IMG_2004.jpg

So I just saw this log message popup on a SystemD service I wrote yesterday:

Feb 24 10:27:11 ip-172-31-24-213 reddit_to_kafka[18391]: Already exists in redis so also in kafka so skipping

Sometimes you need to solve a problem without a lot of effort. Yesterday I needed to populate a Kafka queue with data and I didn't want to worry about duplicates flowing into it. Here's what I knew:

  • My source wasn't a stream but a set of social media posts that I was monitoring
  • I didn't have a database
  • I didn't want the overhead of checking a database before I inserted
  • Every post had an id that I knew would be unique (if I pre-pended it with the name of the source)

Whenever I have a problem like this, I reach for Redis almost instinctively.

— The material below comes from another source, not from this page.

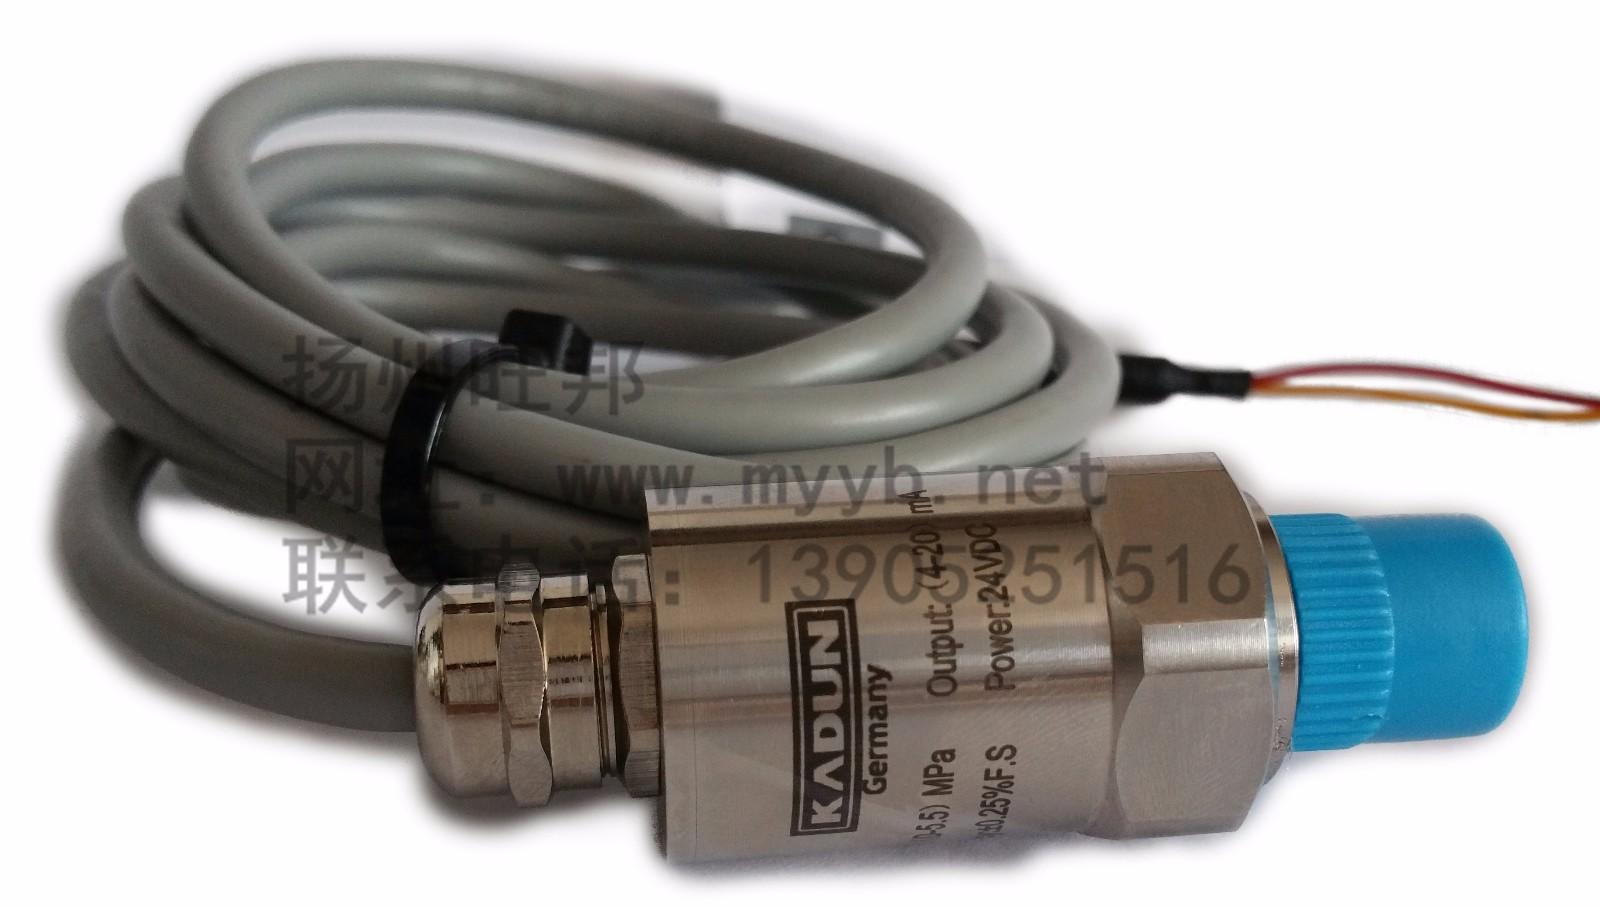 德国卡顿压力传感器全系列(买一送一)促销活动进行中
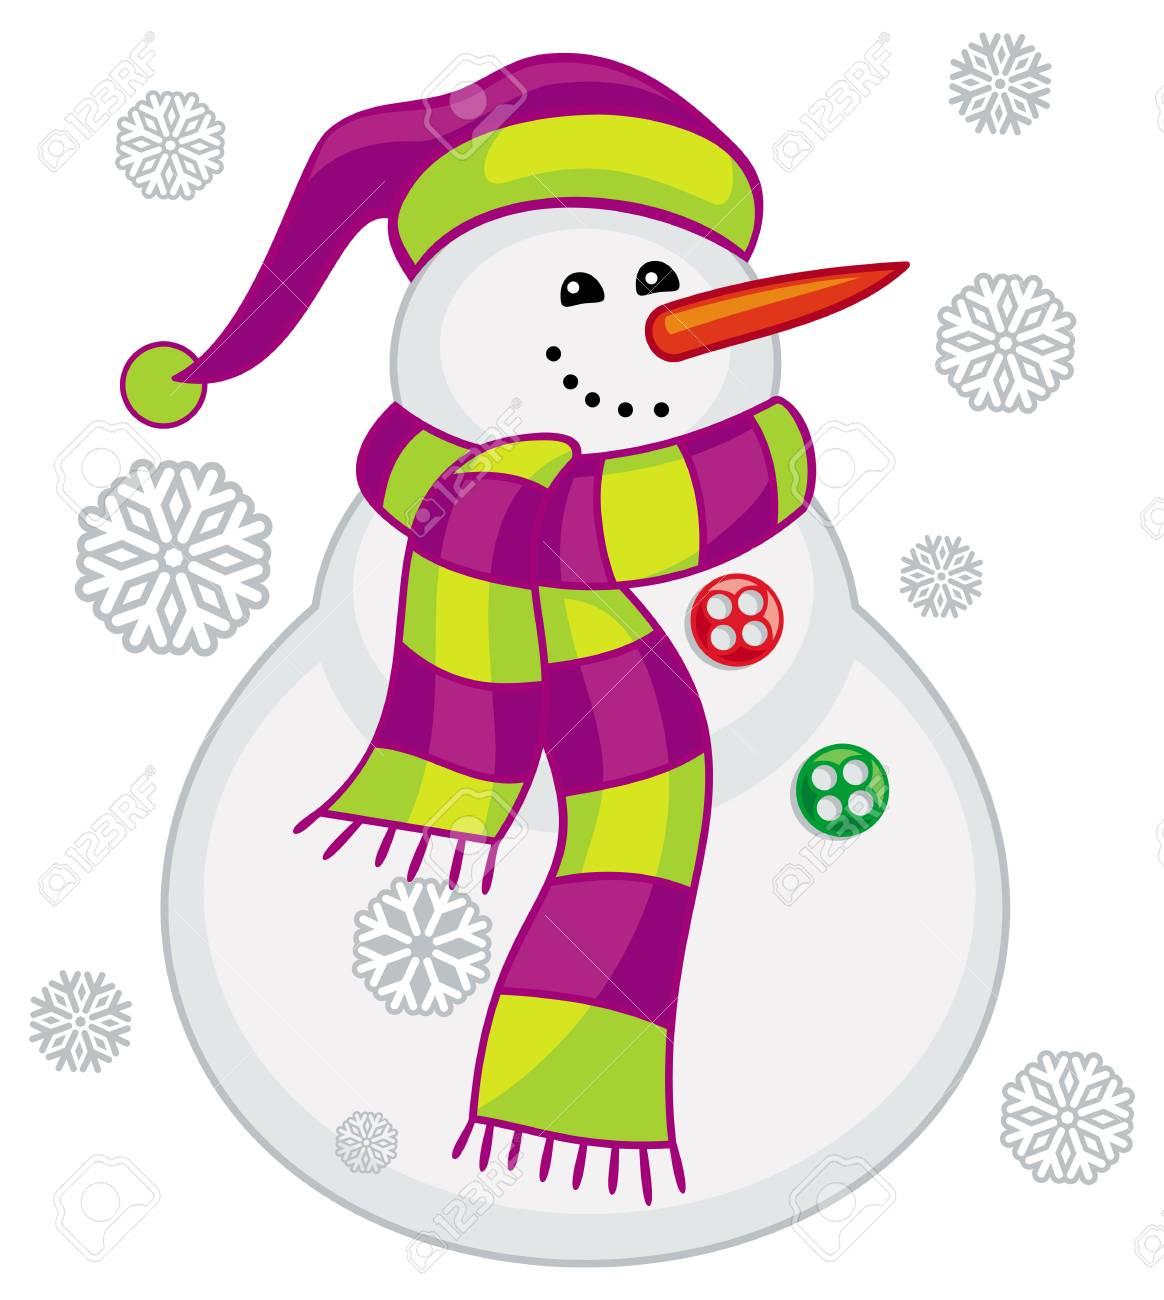 スカーフ帽子雪片のかわいい雪だるまベクター クリップ アートの

My stupid, simple solution was as follows:

  • create a key i.e. key = "reddit_#{message.id}"
  • create a Redis object i.e. redis = Redis.new
  • check if the key already exists using redis.exists(key)
  • if that check returns true then do nothing
  • if that check returns false then add the data and set the key (you want to do this AFTER adding the data in case the add fails; atomicity, even pseudo atomicity is a thing)

The beauty of Redis is that it installs using nothing more than:

sudo apt-get install redis

And that installs a local installation of Redis – and starts it – that any process can easily connect to (and there are always language bindings for Redis seemingly). This easy usability for Redis makes it invaluable for this type of task.

Note 1: Given the size of my input source and its frequency, I'm not even going to worry about the number of keys and the fact that this approach is pretty brain dead. When we get a larger volume data feed, I'll circle back and fix it.

Note 2: It took longer to write this up than it did to actually implement and test this.